Dazu soll die Plattform von der nahtlosen und sicheren Verbindung über die Verwaltung von IoT-Geräten bis hin zur Aufbereitung der gesammelten Daten in beliebiger Skalierung das komplette IoT-Universum abdecken. Nach eigenen Angaben sieht ARM Pelion für den Einsatz in öffentlichen und privaten Clouds, in lokalen und hybriden Umgebungen vor. Es biete höchste Flexibilität in IoT-Systemarchitekturen. „Die Pelion IoT-Plattform bietet außerdem einheitliche Abrechnungsprozesse“ sagt Patel. Außerdem ließen sich damit Infrastrukturkosten senken, die Betriebseffizienz erhöhen und Integrationsprobleme beseitigen. Zusammengefasst würde Pelion drei Hauptaufgaben übernehmen:

  • Device Management: Sichere und konsistente Bereitstellung von IoT-Geräten, Identitäts- und Zugriffsverwaltung und Updates für jede Systemeinrichtung;
  • Connectivity Management: Unterstützung für eine Reihe von Wireless-Konnektivitätsstandards für jedes Gerät, jede Region oder jeden Anwendungsfall, einschließlich Aktivieren einer sicheren eSIM-Identifizierung;
  • Datenmanagement: Analyse von vertrauenswürdigen Daten, von einzelnen Geräten bis hin zu unternehmensweiten großen Datenimplementierungen, einschließlich Daten von Drittanbietern. Das soll horizontal über Anwendungen und Anwendungsfälle hinweg funktionieren.

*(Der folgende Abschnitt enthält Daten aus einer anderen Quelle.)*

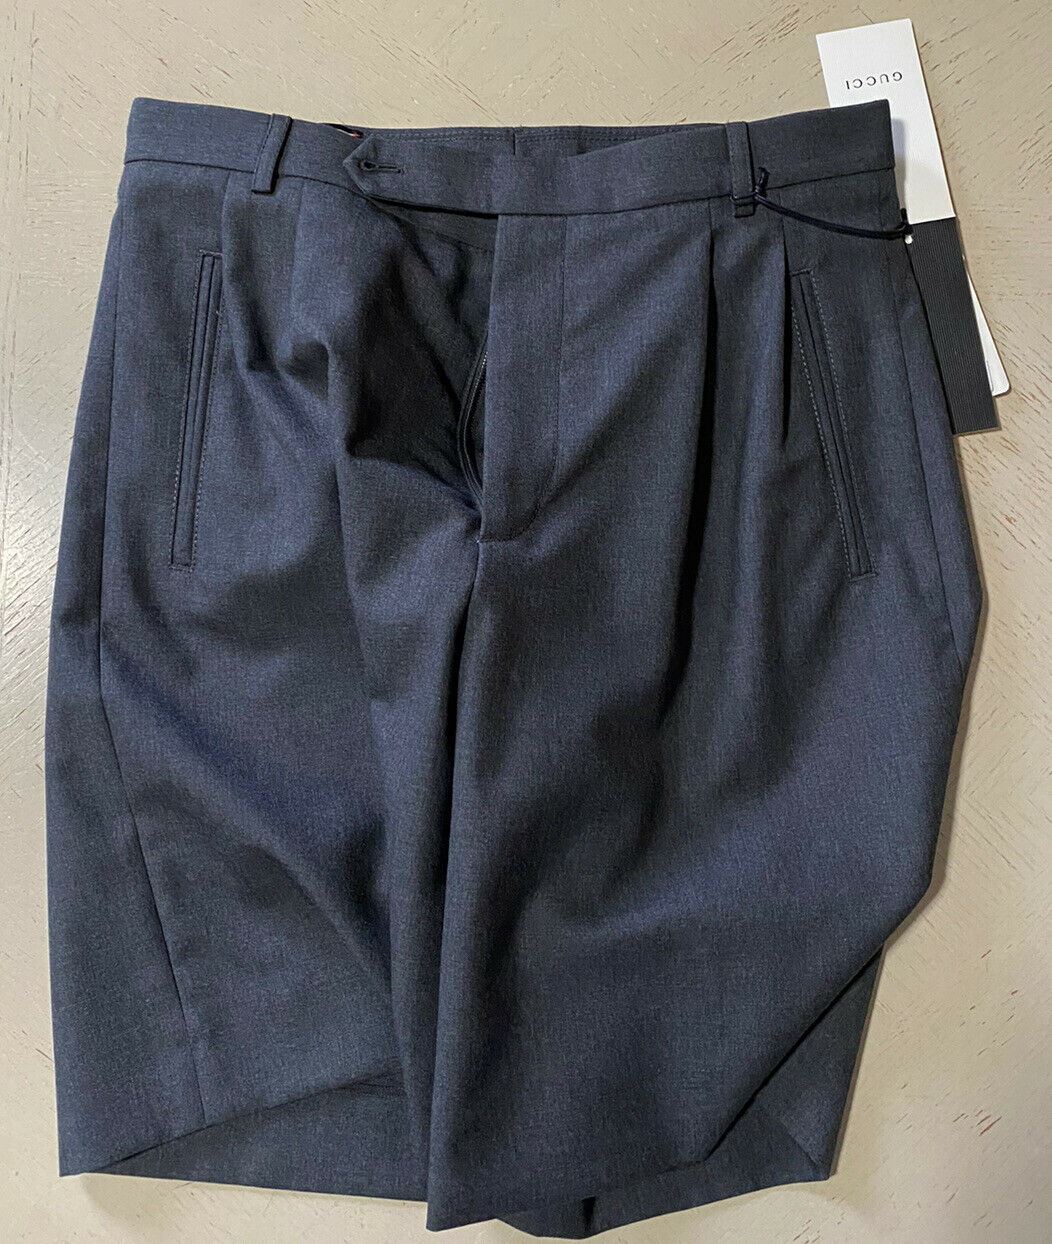 Мужские короткие брюки Gucci DK, серые, размер 30, США (46 ЕС), Италия, NWT 790 долларов США

Breites Ökosystem mit über 140 Technologie-Partnern

Laut ARM bietet Pelion Zugriff auf ein umfassendes Partner-Ökosystem von derzeit über 140 Partnern aus den Bereichen Chip-Technik, Mobilfunk, Mobilfunknetzbetreiber, Channel, Technologieanbieter und mehr. „Es beinhaltet einen Großteil der Technologie, die die Cloud-basierte Enterprise Customer Data Platform (CDP) von Treasure Data in die heutige marktführende Position gebracht hat“, erläutert Patel.

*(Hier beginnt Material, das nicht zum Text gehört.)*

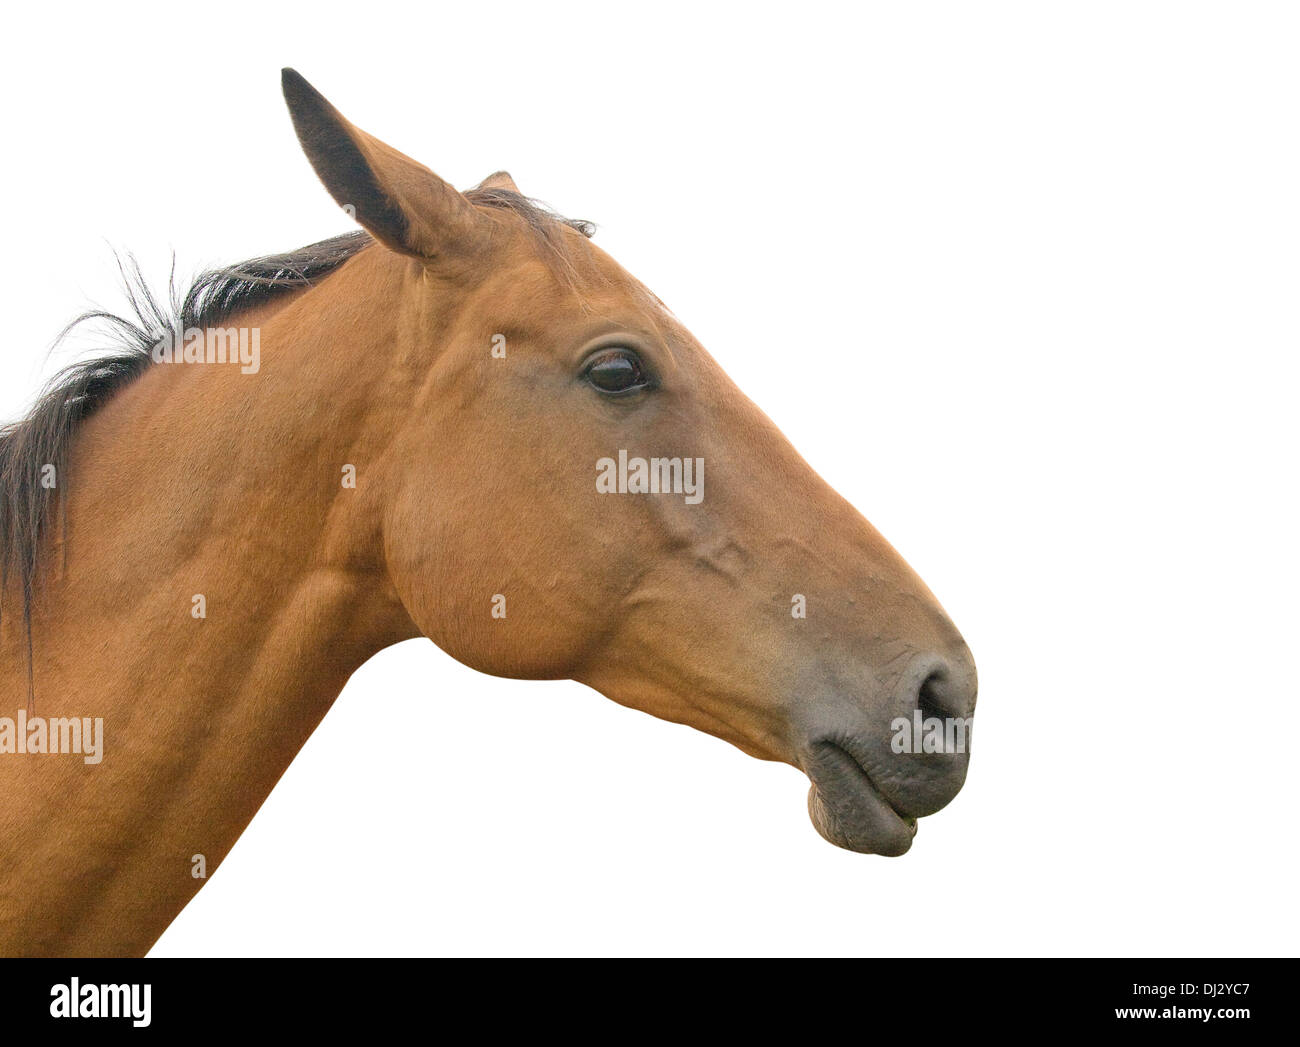 Profil von einem Pferd Kopf und Hals, isoliert auf weißem Hintergrund Stockfoto

Treasure Data böte zudem die einzigartige Möglichkeit, große Mengen an Streaming-Web-, Mobil- und IoT-Daten zu verarbeiten. Derzeit habe das Unternehmen bereits über 300 Kunden. Die Plattform von Treasure Data würde rund zwei Millionen Ereignisse pro Sekunde verarbeiten, Hunderttausende von Abfragen und insgesamt ca. 50 Billionen Datensätze pro Tag. Diese Daten könnten in andere Enterprise Analytics-Tools integriert werden. Neben der Integration in seine Pelion IoT-Plattform will ARM die Treasure Data-Plattform auch weiterhin als eigenständiges Produkt vermarkten.